В голосе Анюты — испуг и тоска. Она всхлипнула и громко заплакала.
— Ну, чего воешь, дура, скажи на милость, — упавшим голосом пробормотал Федька. — Вот, ей-богу, беда-то! Хошь не говори ничего… У людей бабы как бабы, а тут и посоветоваться нельзя.
Он уже жалел жену — измучил он ее совсем! — и жалость смешивалась со злобой. Анюта плакала все тише и наконец, вся в слезах, забылась. Неподвижная тишина стояла в избе, это еще пуще угнетало Федьку, — тоскливые мысли не давали уснуть.
Наутро он решил еще раз проверить жену.
— Вчера вспоминала, что нужно крупу смолоть, — сказал он, — так у Гири жернова хороши, давай сходим к нему.
— У Игната тоже жернова есть, — ответила Анюта.
— У него старые, худые, а тут новенькие.
Федька пытливо смотрел на жену. Она отвела глаза, опустила голову.
«Правда, — со страхом подумал Федька, — теперь хоть не ходи…» Но они все-таки пошли. С Гирей встретились в сенях — он сколачивал какую-то кадку.
— Здорово, Семен.
— Здорово, — угрюмо пробурчал Гиря, не глядя на Федьку, но по звуку шагов и по теням догадался, что он не один, и поднял голову. Поднял и чуть заметно вздрогнул.
— Да ты еще и не один, — сказал он развязно, особенно налегая на последние слова.
Федька чувствовал себя как человек, добровольно идущий на посмешище.
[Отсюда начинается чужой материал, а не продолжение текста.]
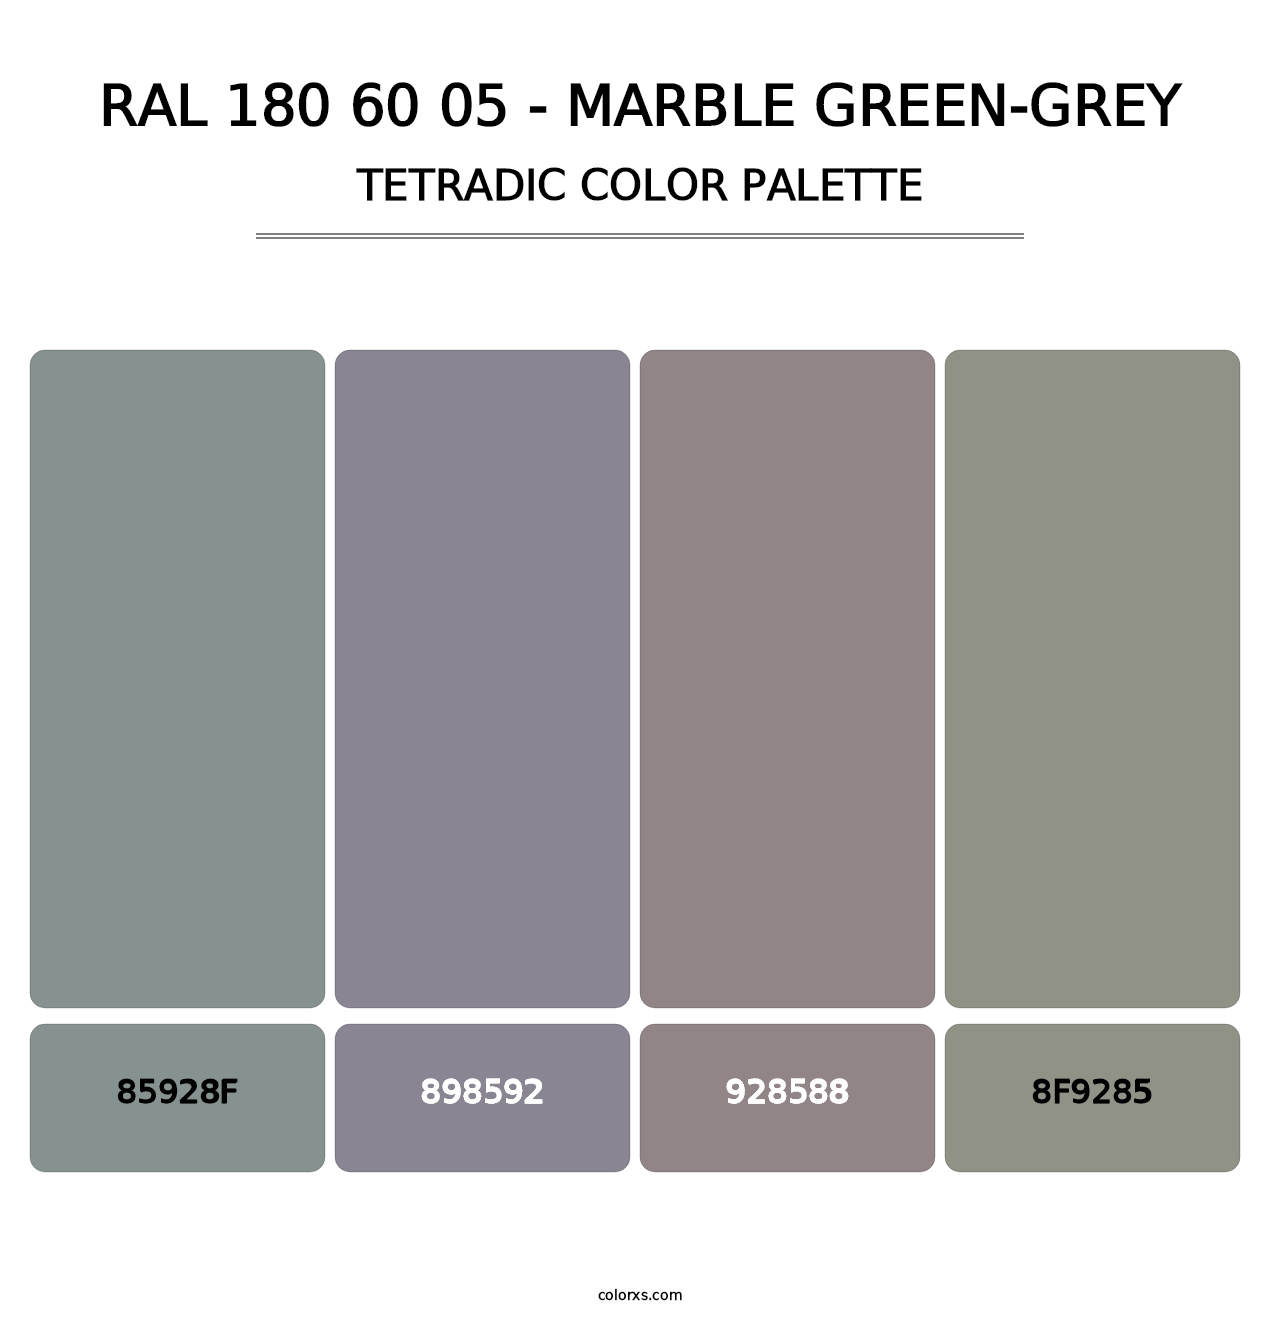 RAL 180 60 05 - Marble Green-Grey - Tetradic Color Palette

Анюта стояла рядом точно пришибленная, застенчиво, по-девичьи уставившись глазами в пол.
— Так что же, дашь жернов или нет?
— На дом не дам, а здесь мелите, — просто ответил Гиря. — Скоро самим потребуется.
Жернова стояли в задней избе, выходившей окнами в огород.
— Ты одна смели, — сказал Федька, проводив туда жену, и ушел, оставив ее одну в зимовке.
Сухие головки девясила и старой крапивы лезли в низкие окна, скрадывая и без того скудный предвечерний свет серенького дня. Пахло холодом, старым густым молоком и квашней.
Анюта долго, внимательно осматривала избу. Все в ней было крепкое, слаженное прочно и неуклюже — так бывает в старых крестьянских избах, где живет зажиточный хозяин. Толстые сосновые лавки были украшены широкими подпушками и выкрашены красной краской. Широкие плотные полати с резьбой на воронце возвышались над богатой лежанкой с фигурными печурками… Все это нравилось Анюте. Понравилась ей и полочка для посуды — большая, крепкая, с выжженными фигурками по бокам.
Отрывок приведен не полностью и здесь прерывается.